TASK PROMPT:
Please reproduce the lines of the records below from the one holding "DC REBOUND HIGH Damen Hohe Sneakers" through the one holding "JOHNNY HALLYDAY - Rock'n'roll", inclusive, skipping all pictures.

RECORDS SUPPLIED:
>>>
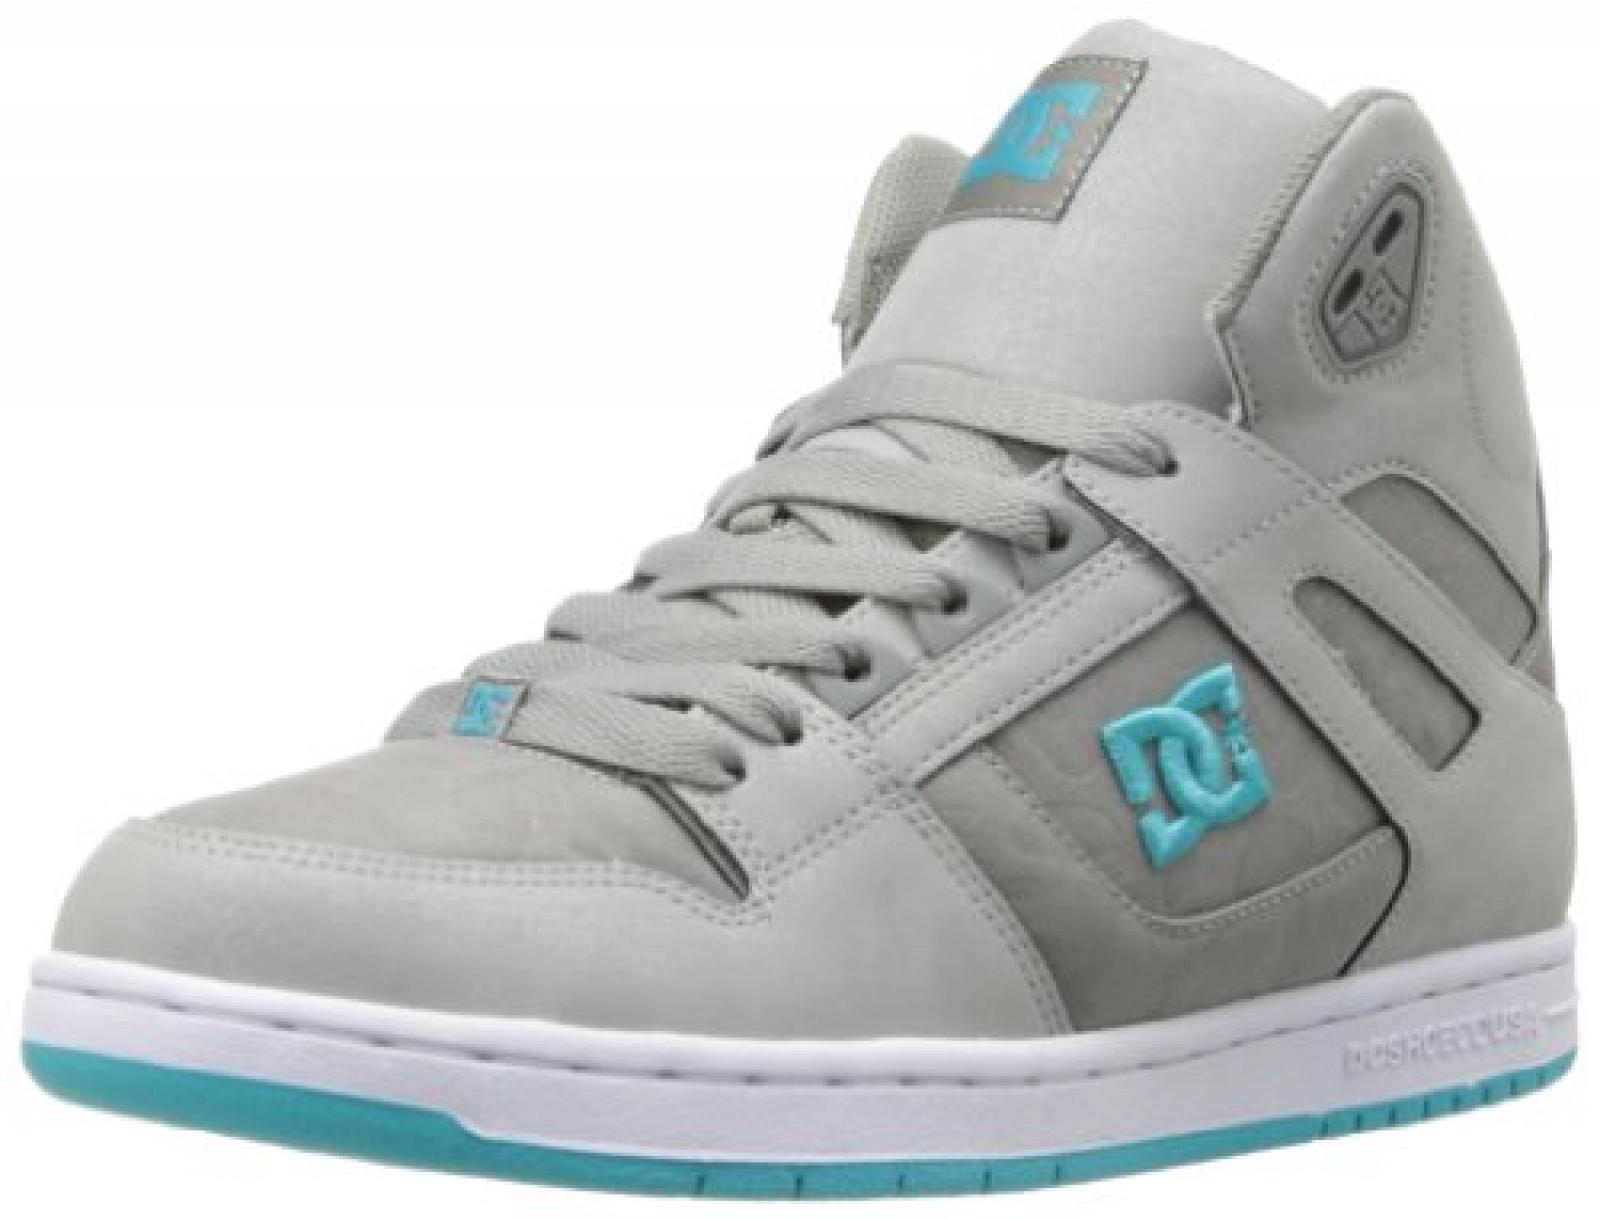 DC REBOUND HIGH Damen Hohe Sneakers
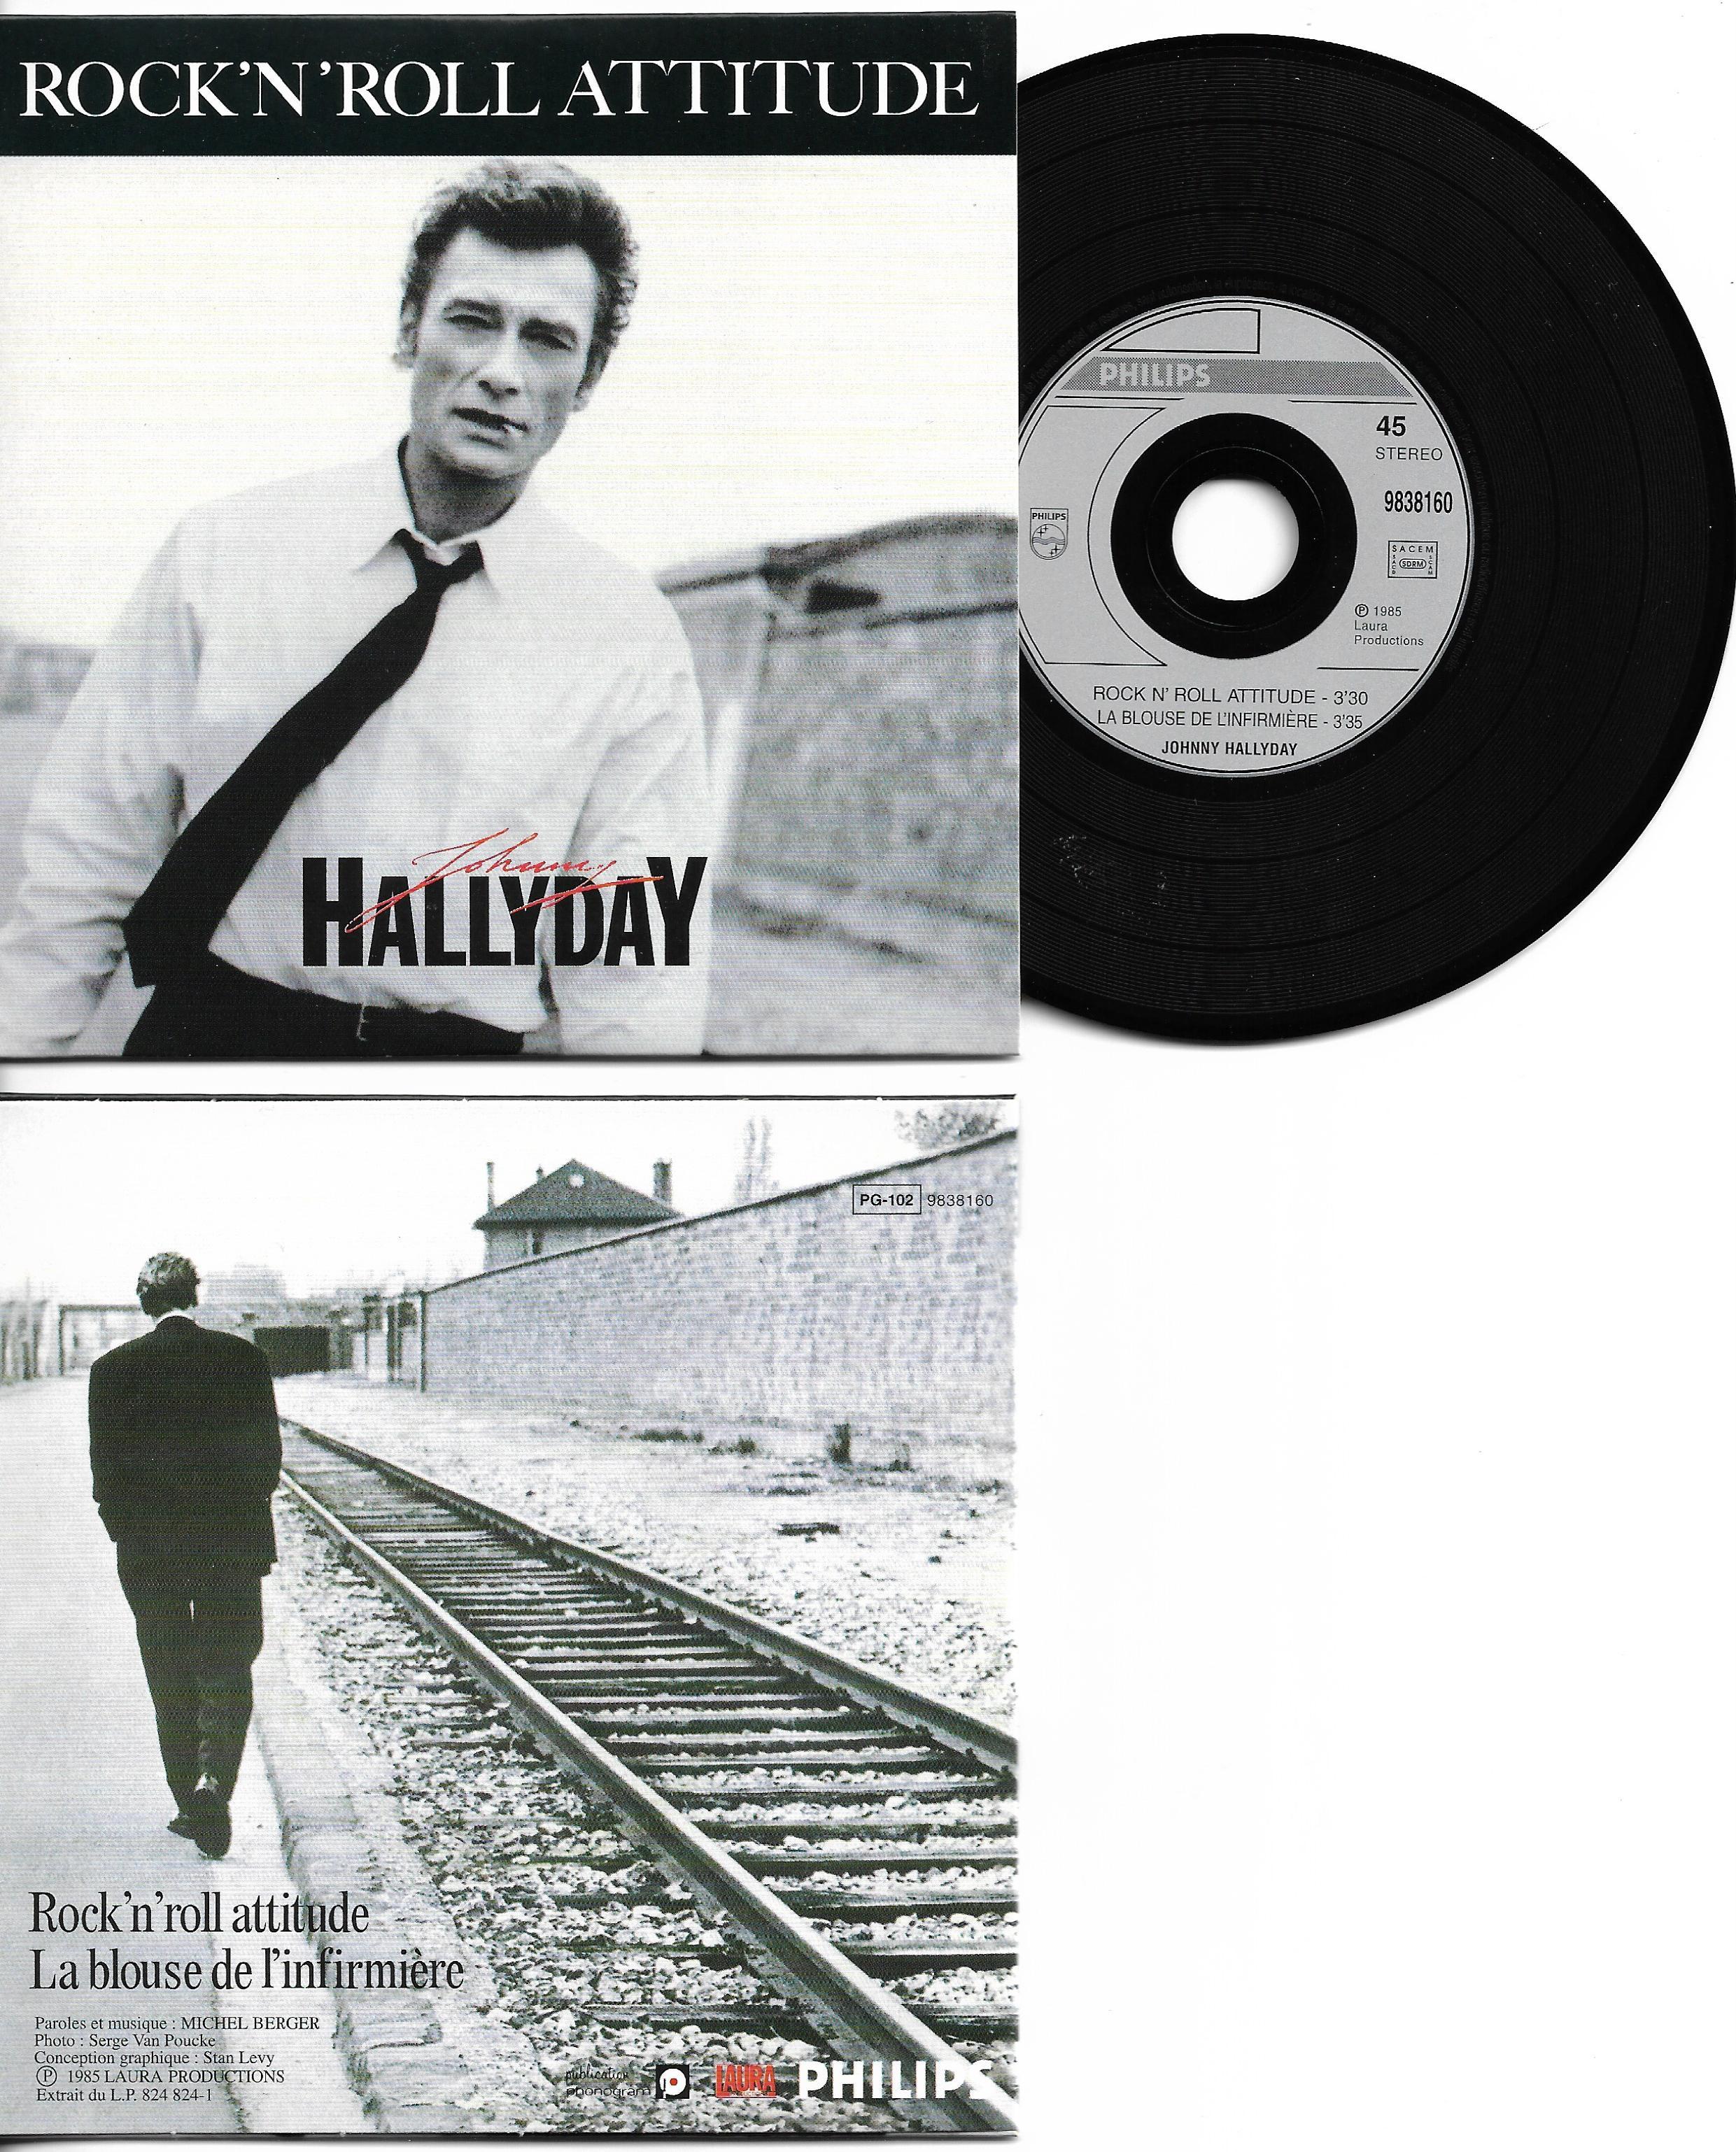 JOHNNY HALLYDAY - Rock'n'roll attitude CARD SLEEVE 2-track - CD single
<<<
>>>
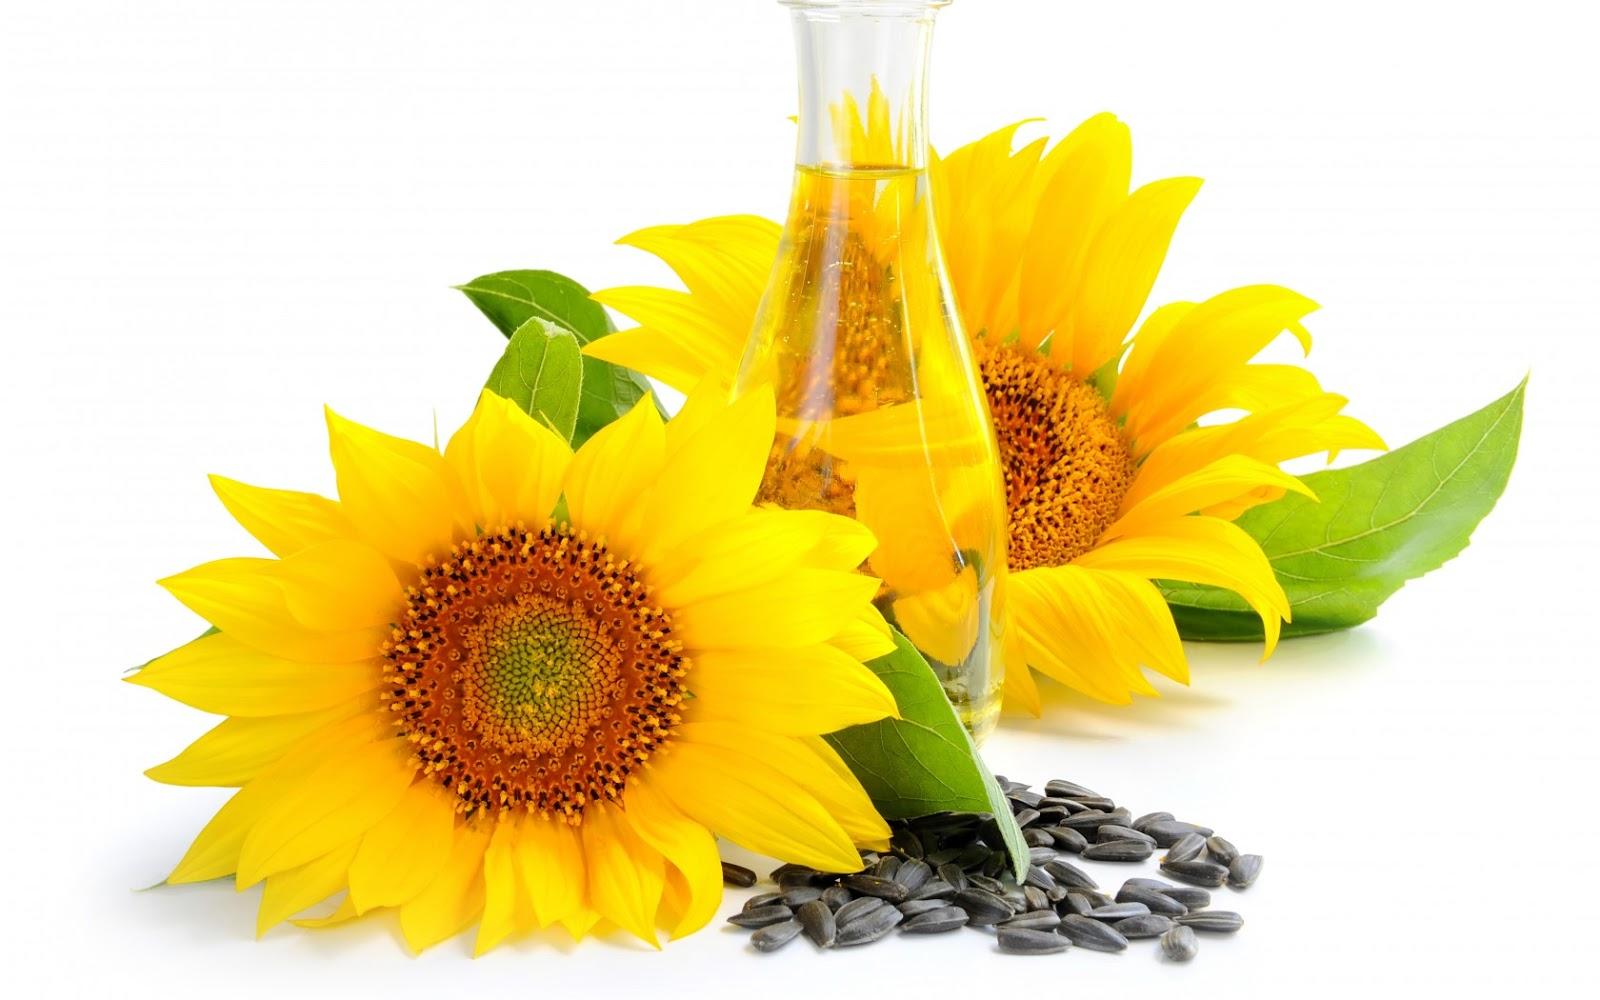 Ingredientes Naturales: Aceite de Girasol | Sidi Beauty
<<<
SOLUTION FOR THIS PROBLEM:
 DC REBOUND HIGH Damen Hohe Sneakers
 JOHNNY HALLYDAY - Rock'n'roll attitude CARD SLEEVE 2-track - CD single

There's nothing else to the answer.